AI Insights, NOVEMBER 2020
How a Platform should support Data Science
Björn Preuß
Chief Data Scientist, 2021.AI
A modern data science platform’s focus should not be to enable everyone to build machine learning models. Instead, the focus should be on structuring the deployment process, allowing for more transparent and governed models that are usable on all applications across an enterprise.
Data Science is often about model development and the process of developing the best working and most efficient model for a given problem. Kaggle competitions share this exact view and suggest that companies submit their challenges so that the world’s best data scientists can develop models to solve them.
When working with data science in this way, you might end up with the best model in class, and the problem gets solved, but then what? What comes next?
When looking at larger-scale companies, the use of data science depends as much on a structured approach of model deployment and control as it depends on developing a good machine learning model.
This all leads us to a question: what might solve this problem?
Gartner’s Magic Quadrant for data science platforms reveals that software providers try to help companies improve their data science capabilities. You read that correctly; they will help you get better at data science. Looking at most of the vendors, they try to make the process of model development leaner and more efficient. They aim to make every business intelligence (BI) person capable of building machine learning (ML) models. But is this really a problem that needs to be solved? Is this what companies need?
Probably not. Companies want to have the best models in class built by experts to solve their problems. In the following paragraphs, we will elaborate on what makes data science in a large enterprise problematic and what organizations need to overcome when they wish to unlock the business value that lies in machine learning and data science models.
Gaining value from ML and data science models
Collecting as much data as possible – that was the key process back when big data was the big trend. But, the question as to what should be done with all that data is still open-ended. Data scientists bridge this gap by pairing data with highly complex models written in programming languages, using open source components such as TensorFlow, Spark, Hadoop, etc. Even with a good working model, the organization is still left behind when it comes to generating value.
The data scientist’s model, preferably made by one with Dr. or Prof. titles, resides on a server in the basement. No other person can make sense of the code or math formulas in the comprehensive documentation. This dilemma often leads to a “spiral of model death,” meaning no model gets productionized or used. Furthermore, the data scientist might leave for a new job, leaving the organization with only nominal value.
Building on this, we’ve recently seen emerging frameworks and software products that aim to provide a solution. Lightweight, easy to “play” with, and shiny. Those should solve the problem, but they usually focus on a leaner way to build models. With this, they harvest the flexibility of open source and the advanced features that coding languages have. Many “drag and drop” and AutoML platforms emerged, but these do not leave enough room for tuning and optimizing models – and “real” data scientists do not want to use these “dumbed down” platforms. For real models, real platforms are needed. Models need to be built by experts if they should support a critical business function.

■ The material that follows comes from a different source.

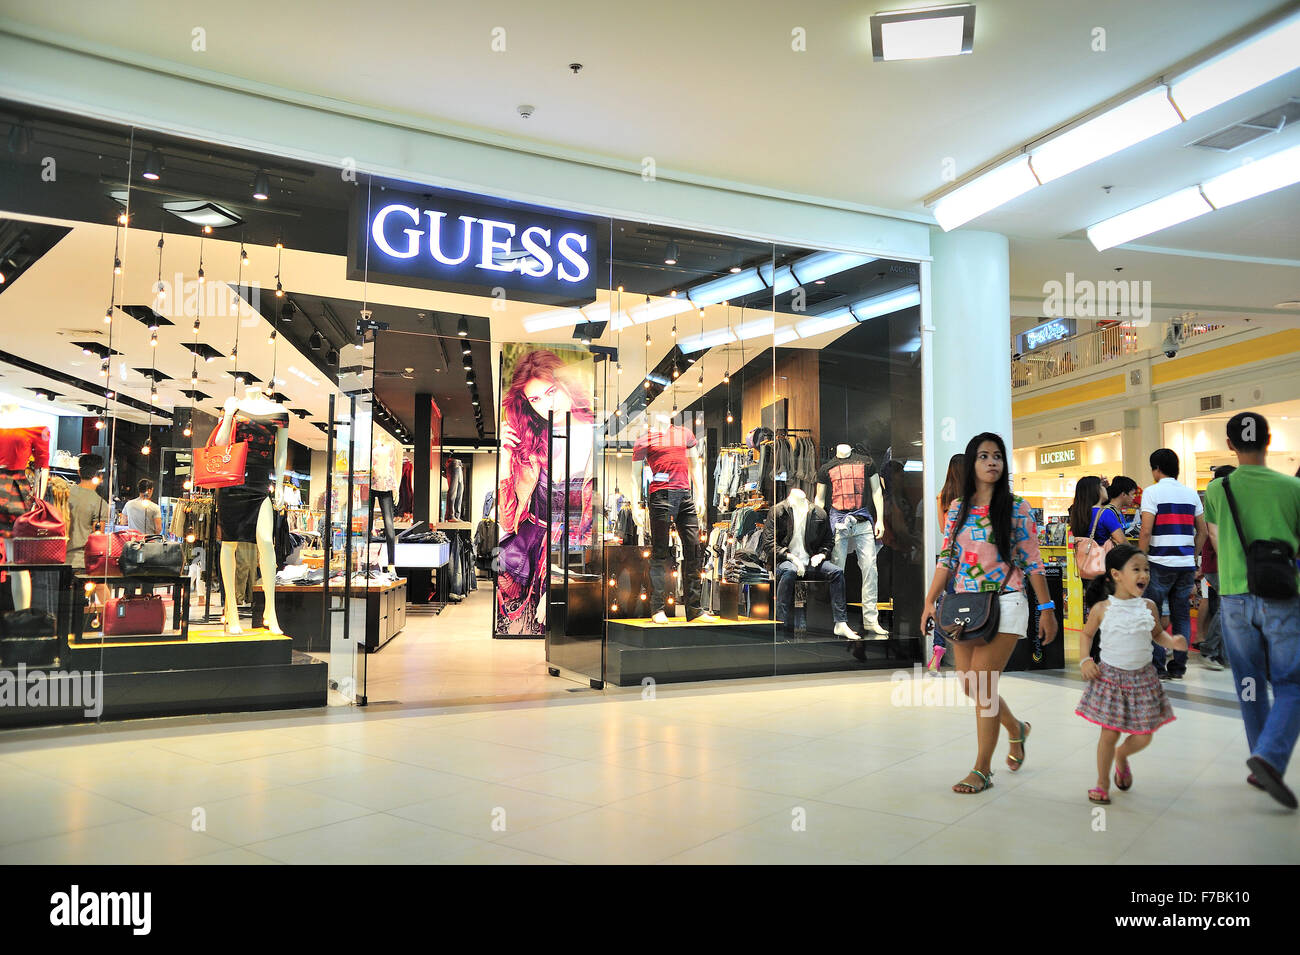 Guess Fashion Store Ayala Center Cebu City Philippines Stock Photo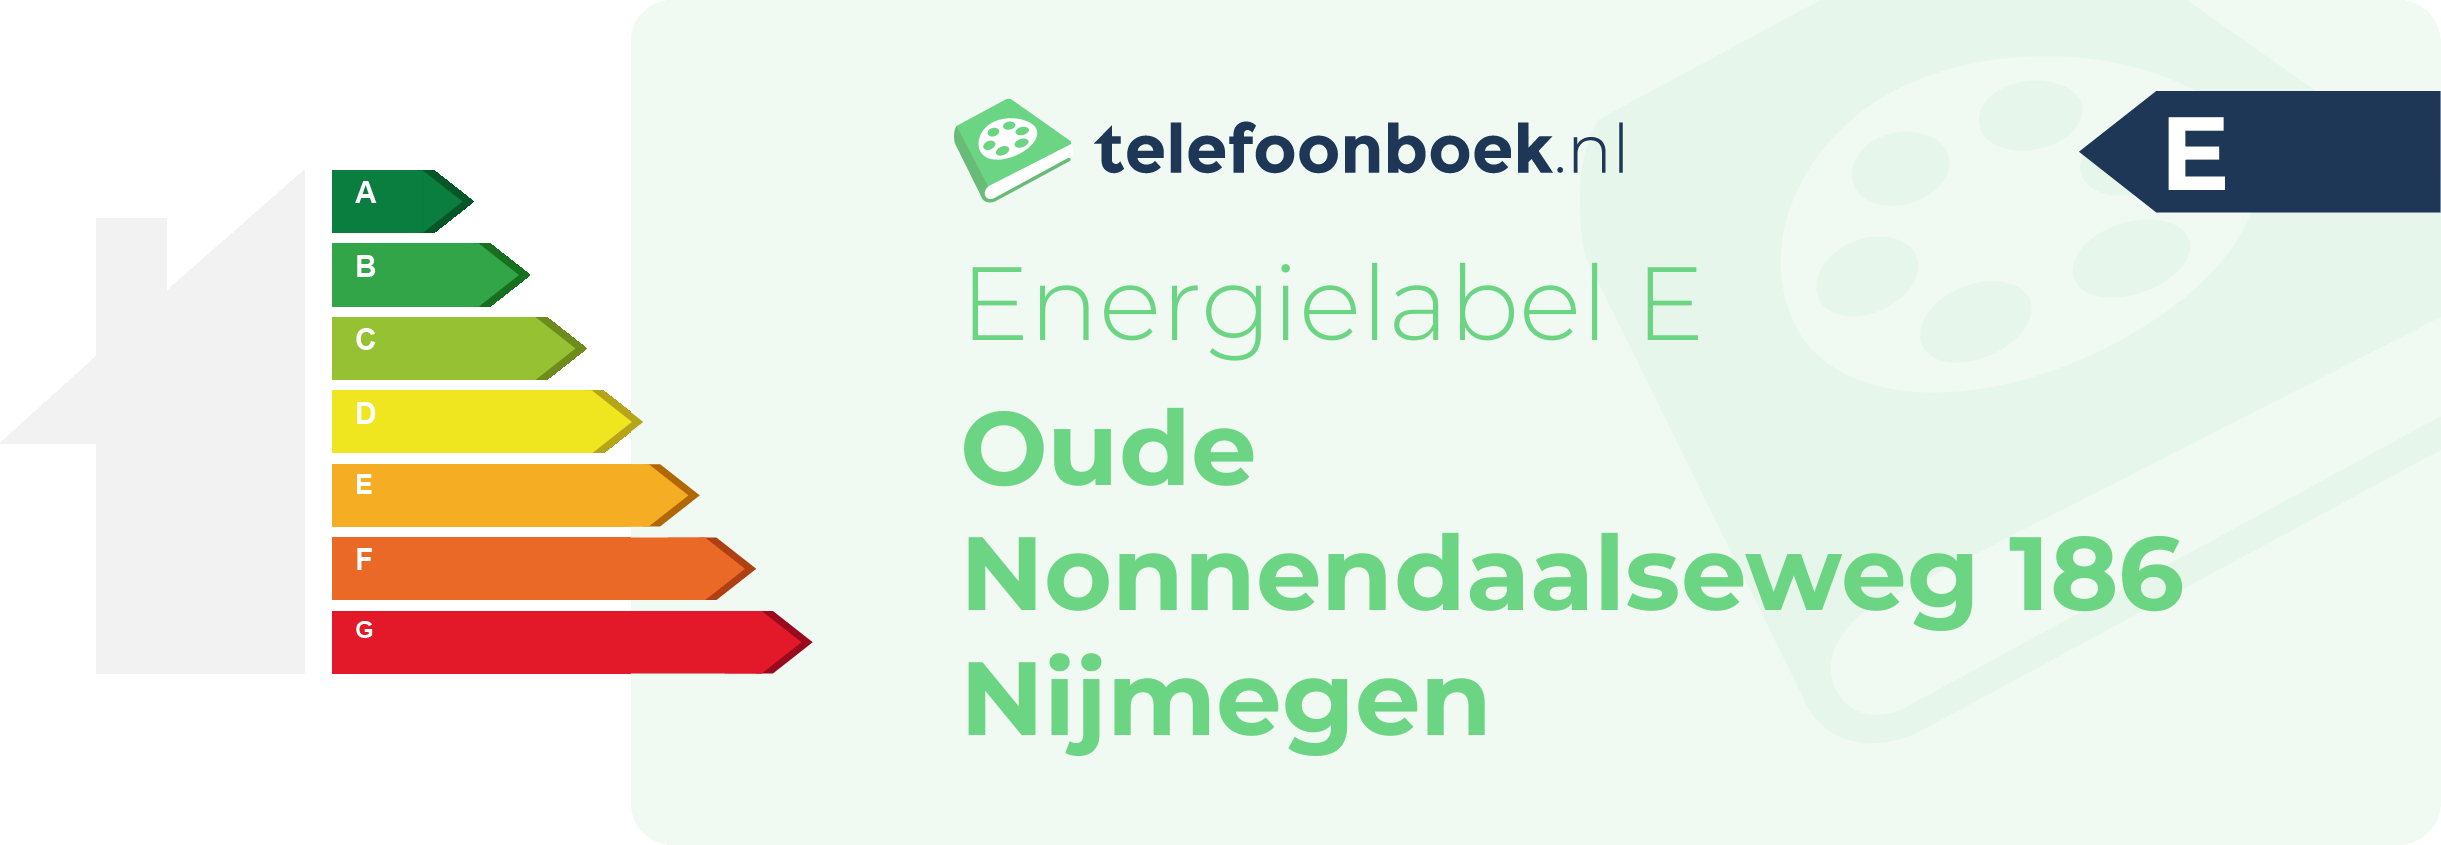 Energielabel Oude Nonnendaalseweg 186 Nijmegen

The real problem that should be solved by software is all the long processes around the model development and deployment.
Supporting processes should be standardized for all the models. This covers processes like model deployment, data access points, model management, monitoring of models, deployment of APIs and their management. Let’s walk through a process of model development and look at the parts that should be supported by software.
How software can take over model development
Before starting a data science project, the data scientist needs to consider the tools and components they want to use. These tools include the language to write the model in (e.g., python) or the way they should store the data (e.g., Hadoop). He or she often sets up the environment.
This configuration and installation task can be taken away from the data scientist and done by a software product that integrates all the standard components needed to be fluent in data science. All the data scientist needs to do is use the components available at their fingertips. Tech unicorns like Amazon and Uber have already done this, such as Uber’s Michelangelo platform, which provides data scientists with all the important components ready to be used in one managed platform.
The start is about accessing, cleaning and processing the data. Here we have some steps which can be solved by software and some that will always be manual.
Let’s start with the manual part. Looking for and then cleaning data is a process that, to some extent, will always be manual. A data scientist always needs to understand the data etc. Whereby accessing data and structuring the process can be supported by software and the frameworks delivered by it. This can include standard connectors to data sources, as well as code snippets for preprocessing (e.g., hashing of variables, etc).
The heart of data science
After accessing and transforming your data, we approach the core part of the process – modeling. The cool stuff! Here the data scientist uses all the provided tools he or she is familiar with. This part of the job does not need and should not be done by software. This is where a good data scientist will have the most significant impact on model performance, etc.
This part is where Kaggle competitors want to be and are good at. However, the part where software can help might be by providing guidance on how to structure models and giving examples for code pieces as a benchmark. This could be especially helpful for a less experienced data scientist.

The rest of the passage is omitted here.